Aim of the task -> All pictures are to be omitted while the lines starting at the line with "Bitlock MINI" and ending at the line with "Samurai Jeans 17oz Japanese Cotton Project" in the material below are retyped exactly, both ends included.

Records supplied ->
*** Block opens ***

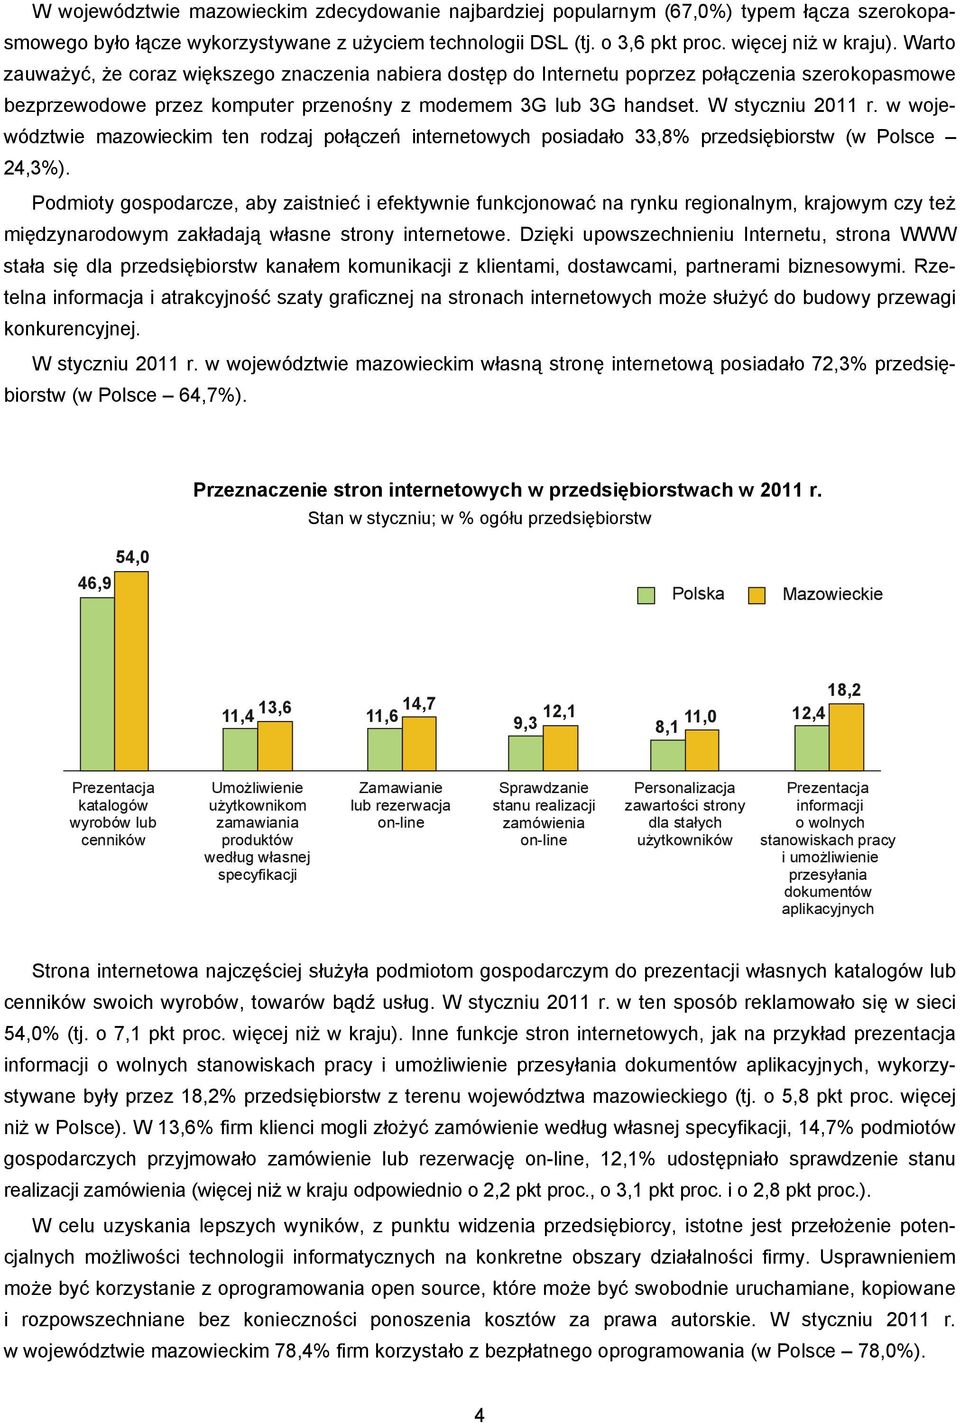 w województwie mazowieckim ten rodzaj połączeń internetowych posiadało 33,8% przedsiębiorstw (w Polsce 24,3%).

*** Block closes ***
*** Block opens ***

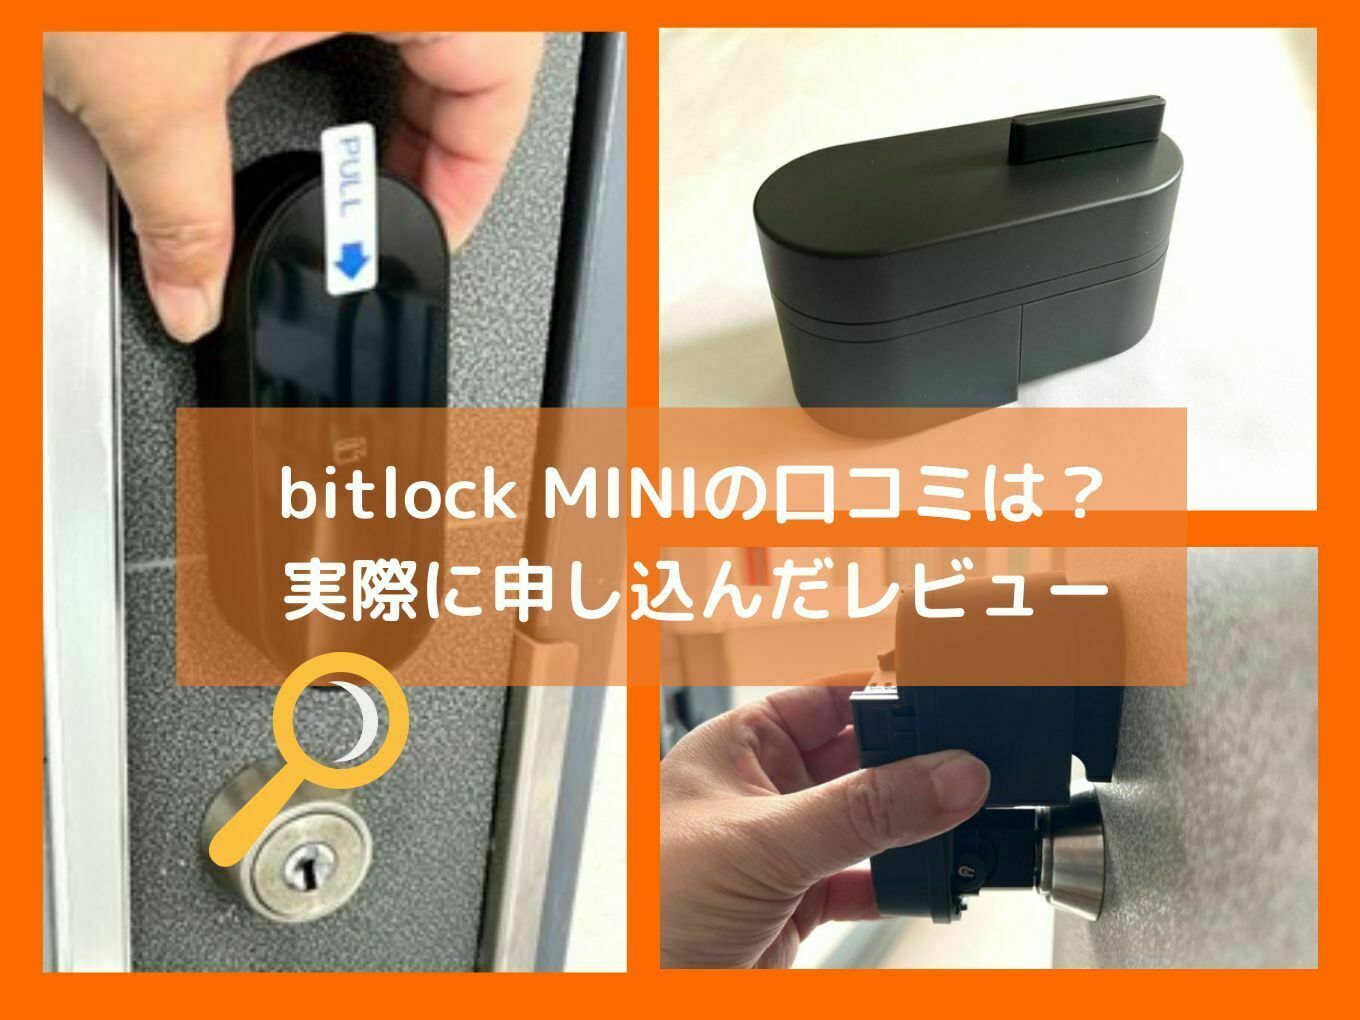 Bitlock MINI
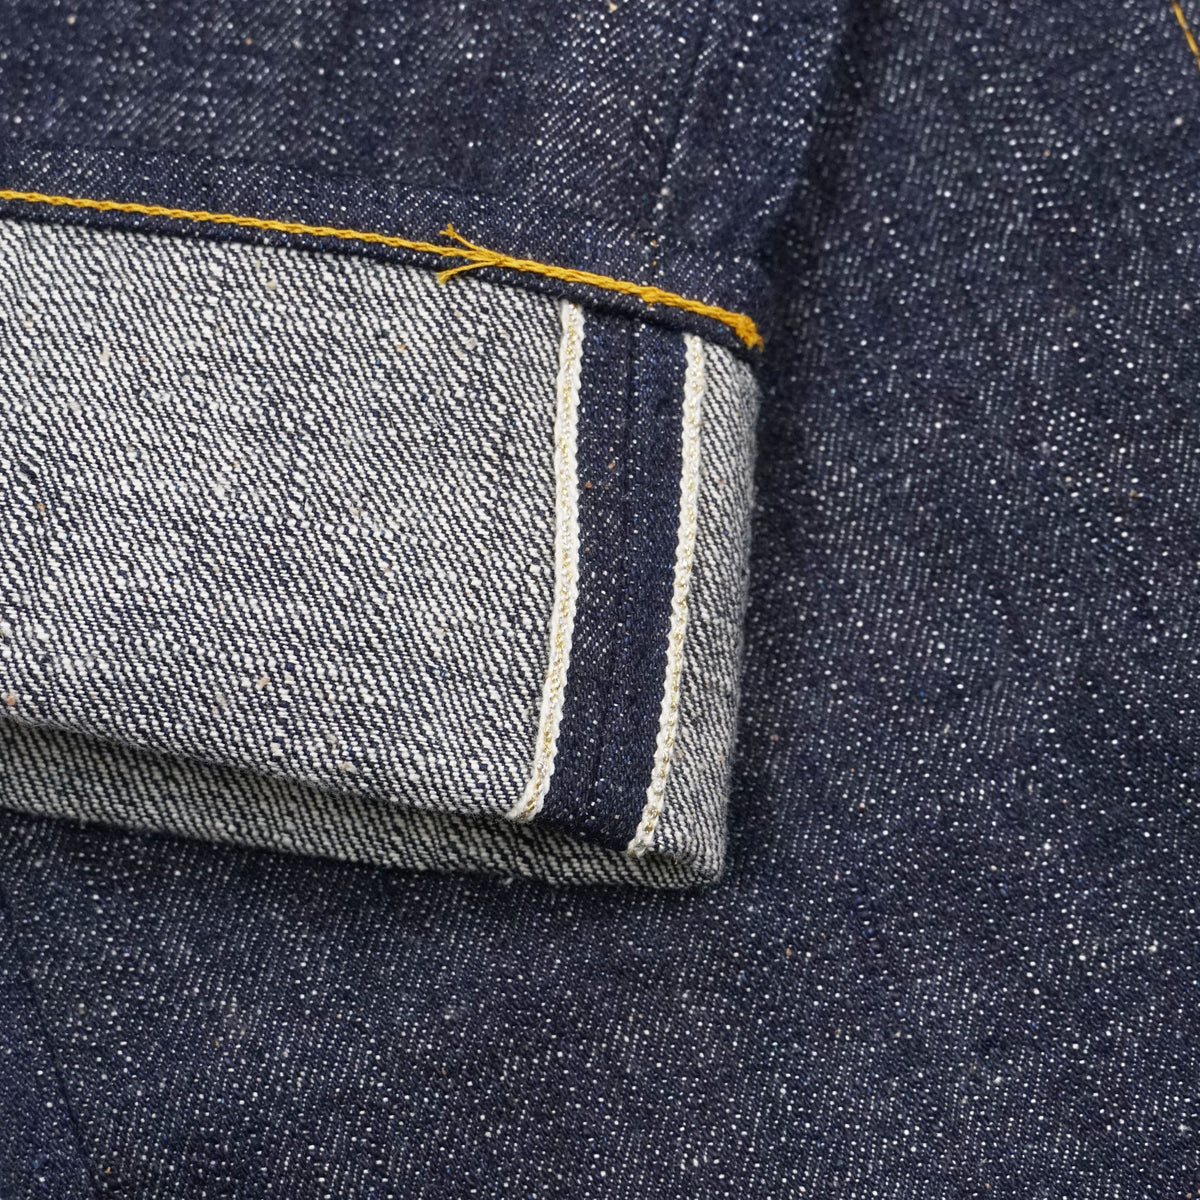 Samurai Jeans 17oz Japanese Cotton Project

*** Block closes ***

Answer box ->
 Bitlock MINI
 Samurai Jeans 17oz Japanese Cotton Project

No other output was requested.